Sigara bağımlılığıyla kanser arasında yakın bir ilişki olduğunu belirten Prof. Dr. Gökhan Demir, akciğer kanserinden korunmak isteyenlere şunları söyledi: “Akciğer kanseri ve sigara arasındaki ilişkinin araştırıldığı çok sayıda çalışma gösteriyor ki; tüketilen sigara miktarı ve kaç yıl boyunca içildiği akciğer kanseri oluşumuyla bire bir ilişkili. Ancak sigaranın az içilmesi kanser oluşma riskini azaltmıyor. Günde iki üç tane sigara içen, yirmi otuz tane sigara içene oranla daha az oranda kansere yakalansa da, hiç içmeyenlerle kıyaslandığında kanser riski daha yüksek. Kanserden korunmak için mutlaka düzenli ve sağlıklı beslenmemiz gerekiyor. Aşırı alkol tüketmememiz ve Akdeniz diyeti ile beslenmemiz; aşırı tuzlu gıdalardan, içerisinde katkı maddesi bulunan gıdalardan uzak durmamız; bol miktarda sebze, meyve, salata, zeytinyağlı yiyecek ve balık tüketmemiz; aşırı tuzlanmış, tütsülenmiş gıdalardan uzak durmamız gerekiyor. Bu önlemlerin dışında iki önemli şeyi de mutlaka yapmak şart: ideal kilomuzu korumak ve düzenli egzersiz yapmak.”

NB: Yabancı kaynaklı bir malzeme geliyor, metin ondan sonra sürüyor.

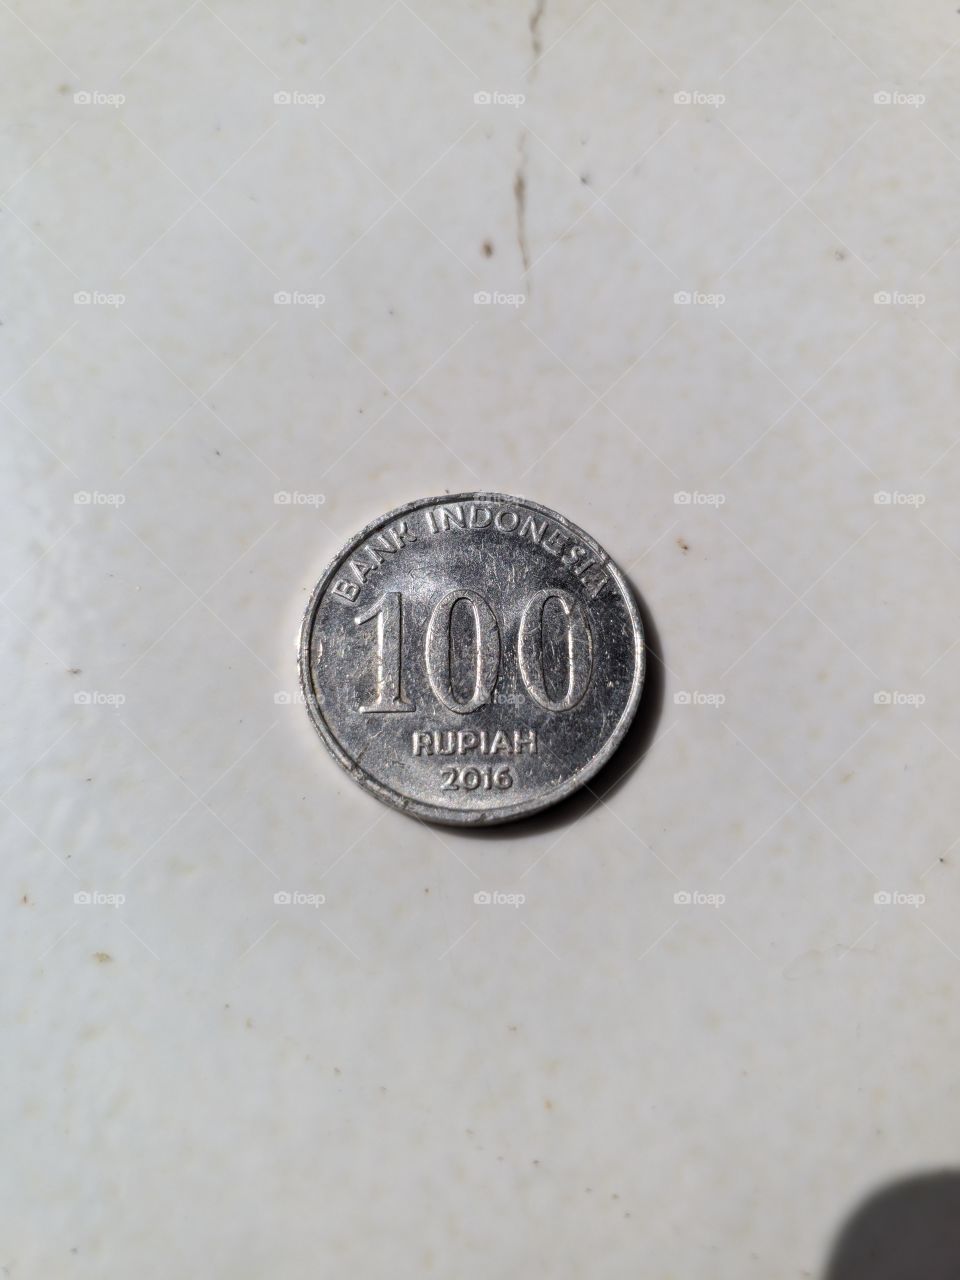 Indonesian currency rupiah coin one hundred rupiah

“Sadece tedavide değil, teşhiste de önemli gelişmeler var”
Prof. Dr. Gökhan Demir akciğer kanserinin tanısında kaydedilen gelişmeleri özetledi: “Eskiden sadece ışık mikroskobu altından alınan patolojik örnekle teşhis yapabiliyorduk. Artık bunun yanına moleküler genetik analizler, likit biyopsi ve ikinci kuşak izleme yani next generation sequencing eklendi. Eskiden sadece tümörden alınan dokuda biyopsi yapılarak teşhis konulurdu. Son yıllarda likit biyopsi teknolojisiyle tümörlerden ayrılarak parçalanan hücrelerden çıkan genetik materyalin kanla izole edilmesiyle, o genetik materyalde birtakım moleküler ve genetik değişiklikler saptanabiliyor ve izlenebiliyor. Bu teknoloji hızla gelişiyor çünkü tümörler zaman içerisinde genetik yapılarını sürekli değiştiriyor. Yani bir genetik mutasyonu olan tümör bir süre sonra ikinci bir genetik bozukluk geliştirebiliyor ve bu değişiklikleri çok yakından ve sürekli takip etmek gerekiyor. Bu da günümüzde likit biyopsiyle mümkün oluyor.”